Tony Espy (awe) wrote :

So basically what I'm seeing is that system-settings doesn't recognize the change of networking technology, and eventually times out after 4-5m, at which point the "Connect to the Internet" message is displayed. I have yet to see the spinner go forever as Pat suggests. I did however hit a crash in system-settings after the fourth or fifth time I ran my test scenario. I'll paste the backtrace in a subsequent comment.

I tested using a US AT&T SIM, which means I'm limited to 2G only on my krillin. I also disabled automatic updates on both phones before testing.

Here's my exact scenario, which I ran 5 times on krillin ( OTA8 + OTA8.5 ), and arale ( OTA8.5 ):

1. Boot the phone w/WiFi enabled & a previously connected access point available; after booting, verify the phone is connected to WiFi.

2. Launch SystemSettings::Updates

( Note, unlike Pat... I didn't install all available updates. So for OTA8.5 testing run today, 4 click updates are shown as available. For OTA8, an Ubuntu update is visible, along with 8 click updates. )

3. Return to main settings page

4. Disable WiFi, and *wait* for the network indicator to change from WiFi to 'E' ( on Krillin ) or 'H' ( on arale ).

5. Re-open Updates

This scenario results in three different results, partially depending on the speed of my network connection:

 * updates were shown promptly ( < 30s )
 * the spinner appeared, and updates were eventually shown after some delay ( 30s - 4m ); sometimes when this happened, only the Ubuntu update would be shown ( ie. I didn't see the available click updates )
 * the spinner appeared, and somewhere between 4-5m, the "Connect to Internet" message would be displayed

I basically saw little difference between OTA8 and OTA8.5 in my testing on krillin. With OTA8.5, I hit the "Connect..." scenario 3/5 tries. On OTA8, I hit it 2/5 times. On arale running OTA8.5, I hit it 2/5 as well.
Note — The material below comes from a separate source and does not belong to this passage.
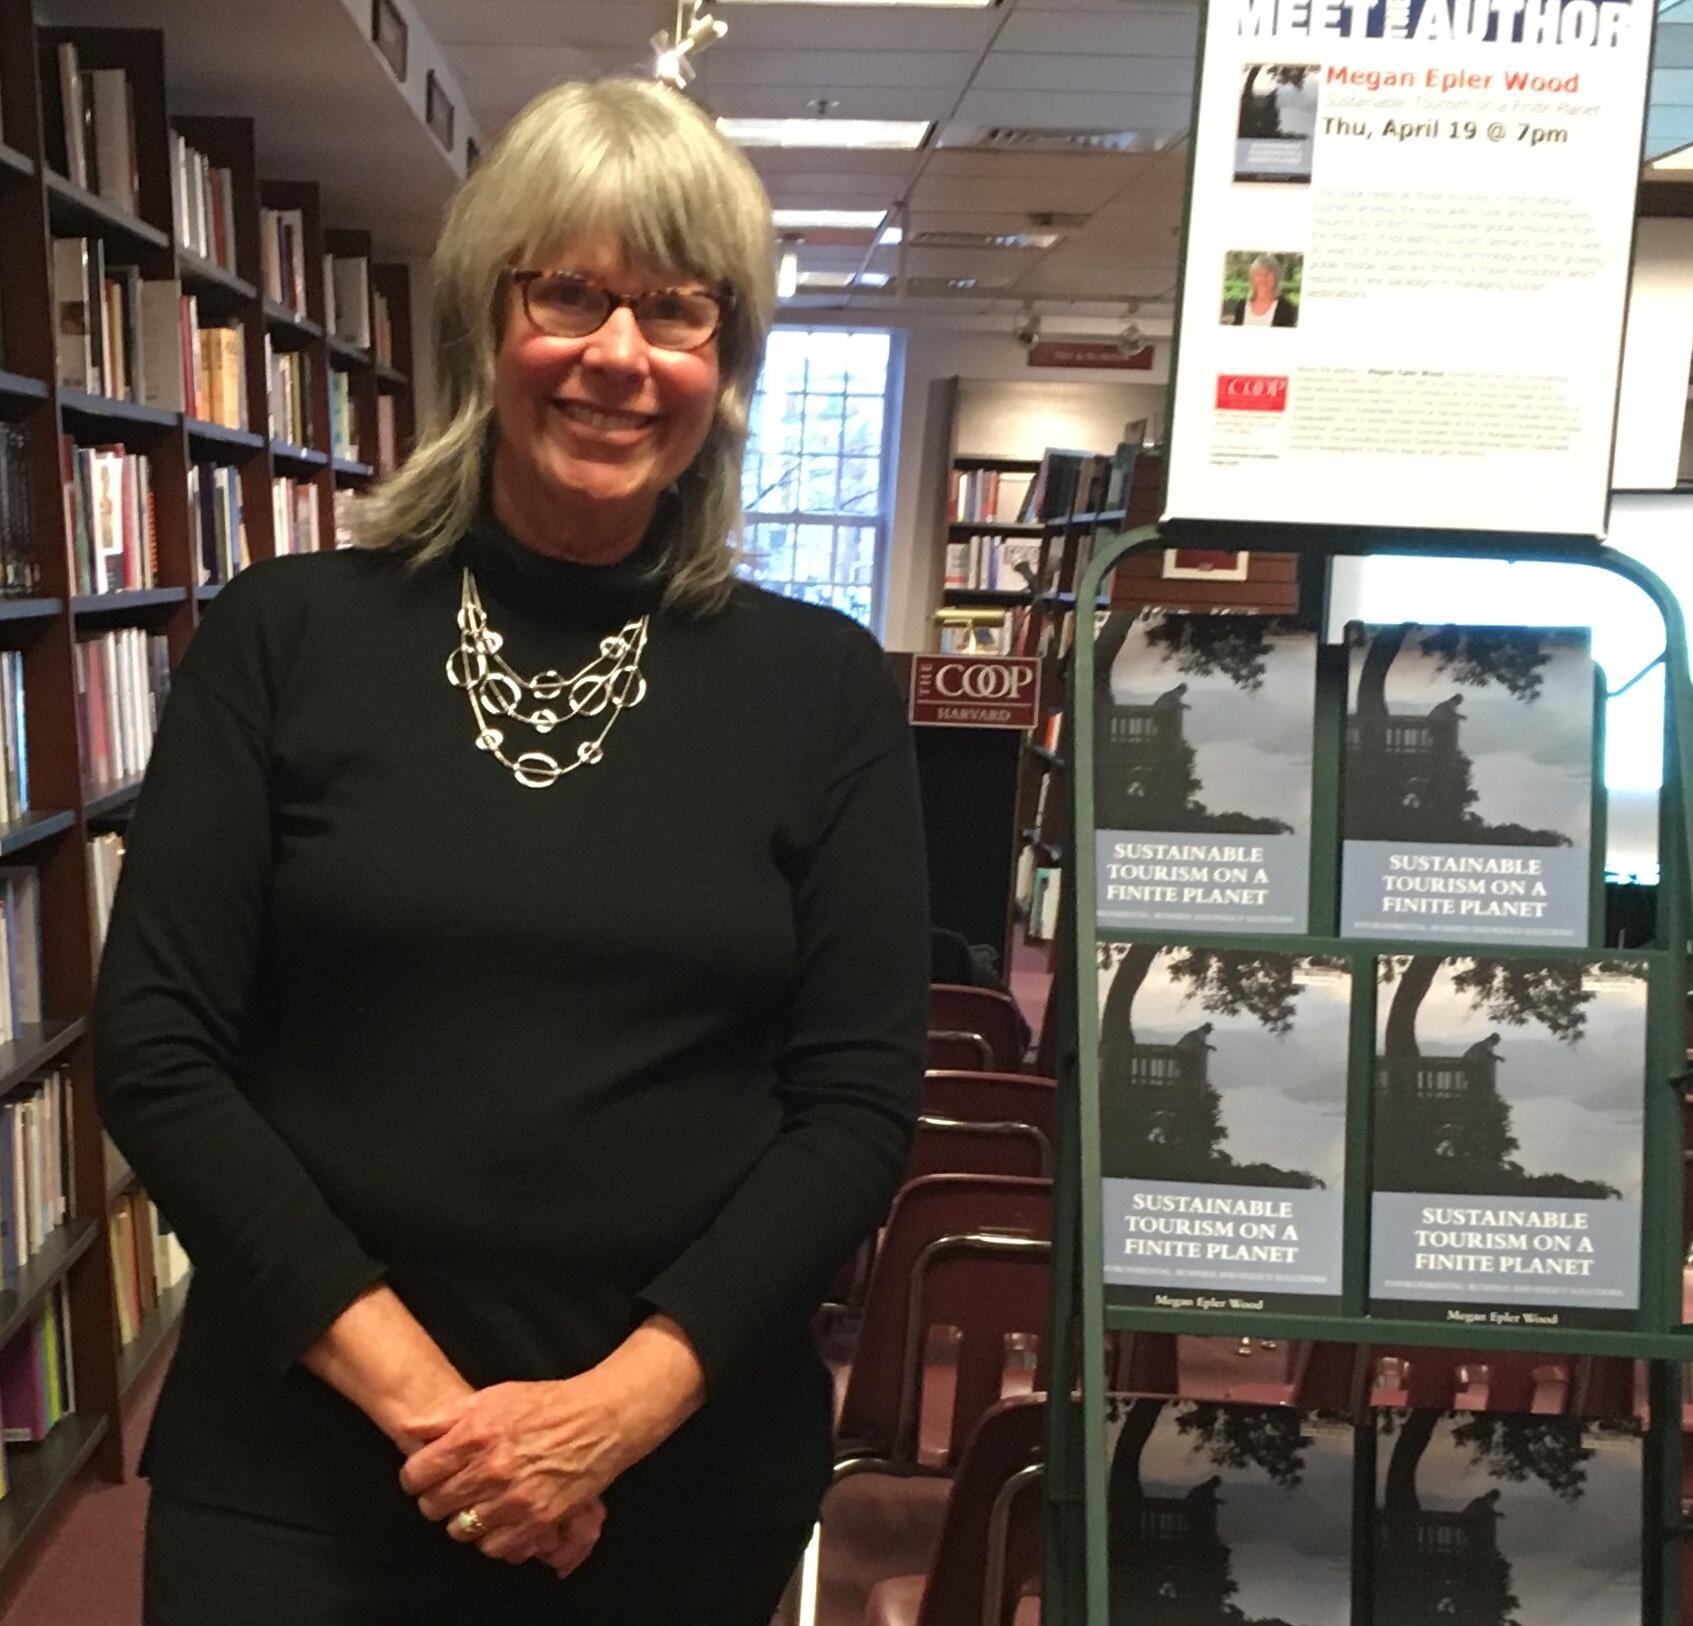 Megan Epler Wood speaking at The Harvard Coop Author Events in April 2018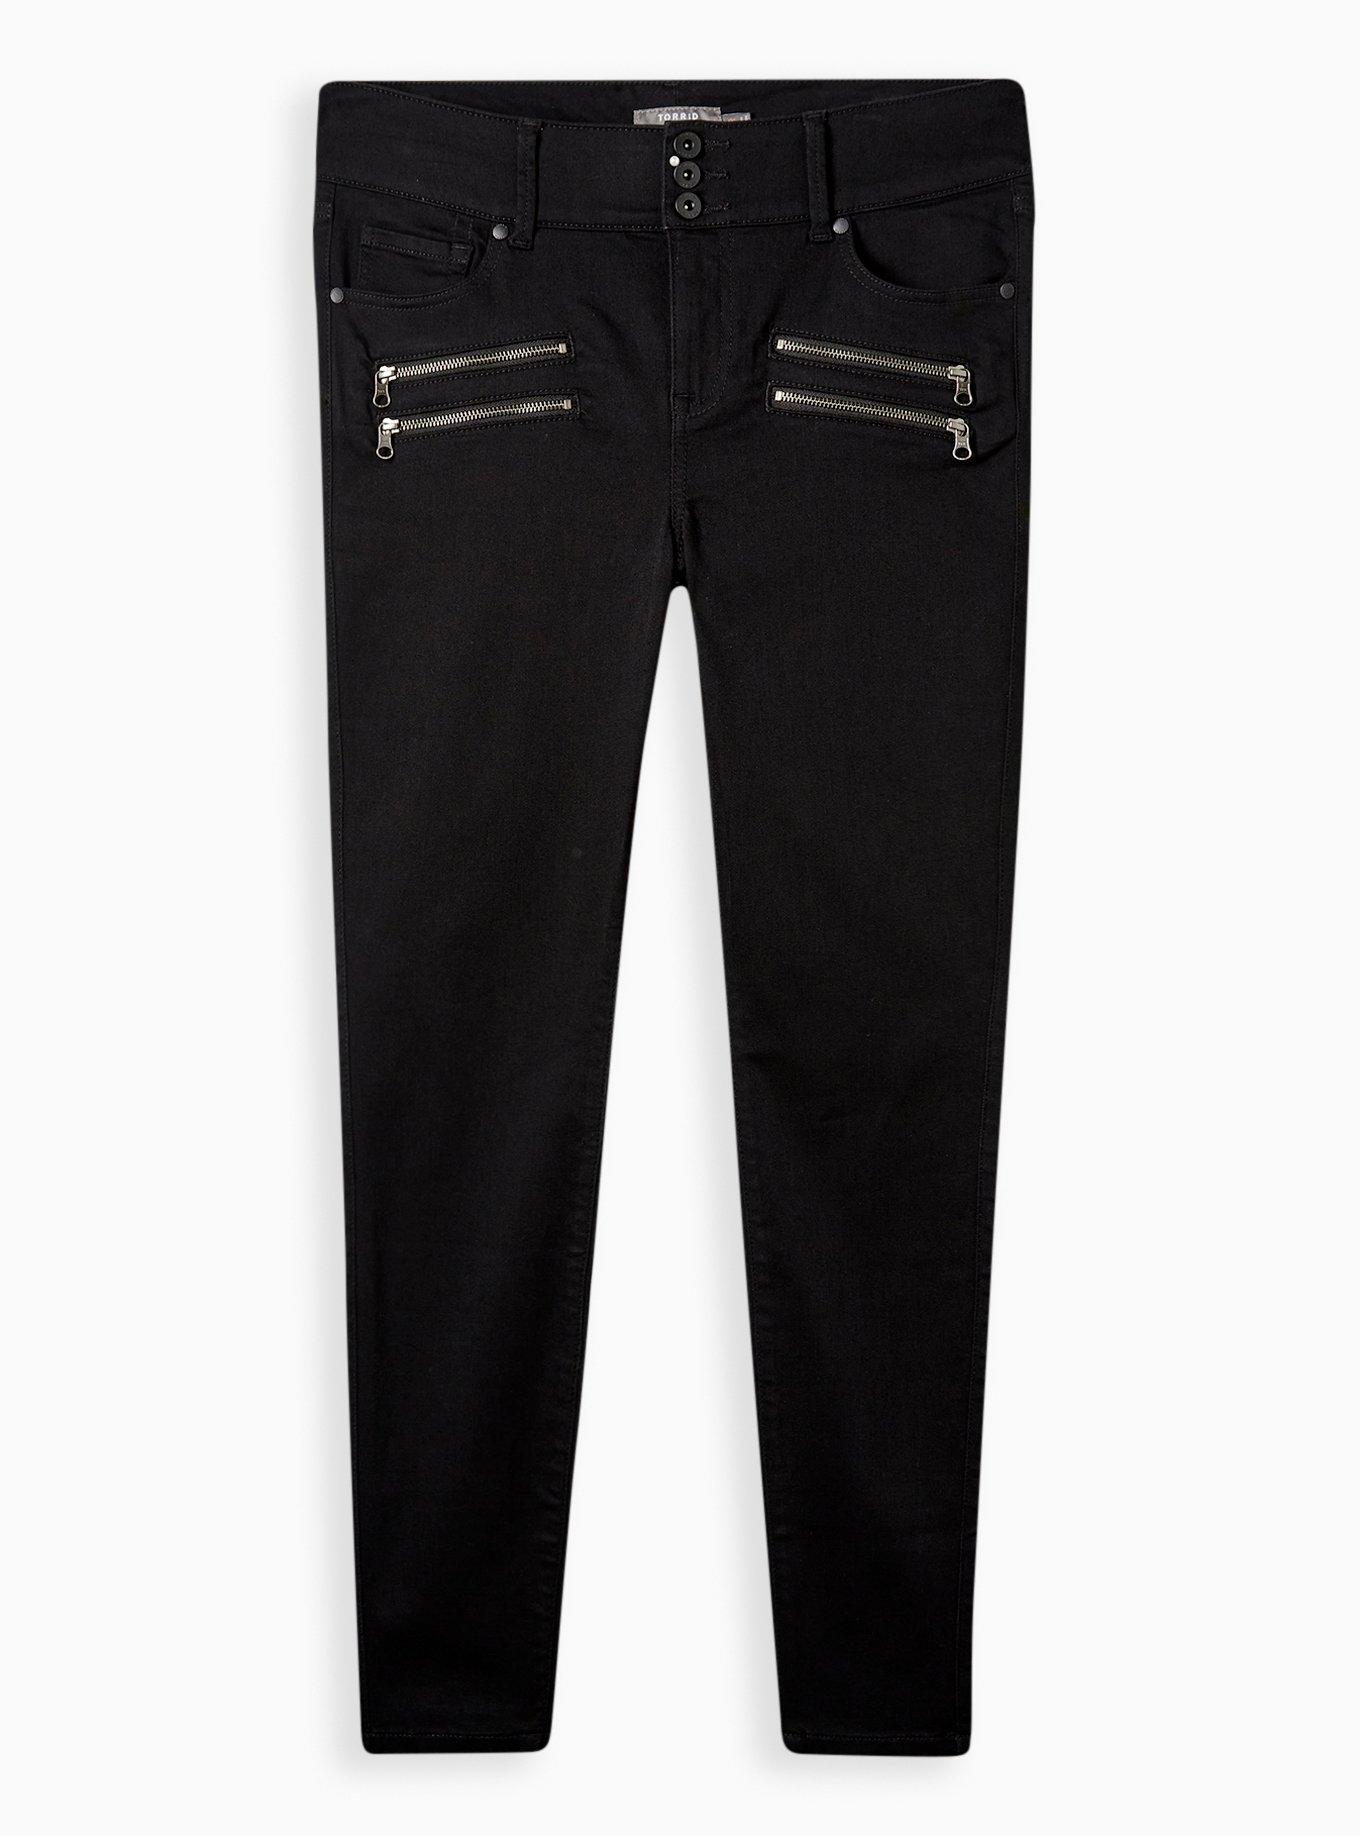 Shop Solid Ponte Jeggings with Two-Zippered Pockets Online

Note, during each test I always verified that the network connection was good by running the following two commands:

$ nmcli d
$ ping ubuntu.com

From my point of view, Pat's original scenario doesn't seem to be a regression introduced by OTA8.5.

Tony Espy (awe) wrote :

I also mentioned a crash above. This occurred after my fourth or fifth try on krillin/OTA8.5. When I clicked the back button to return to the main settings page, the page was rendered with stretched icons, then it crashed and I had to relaunch.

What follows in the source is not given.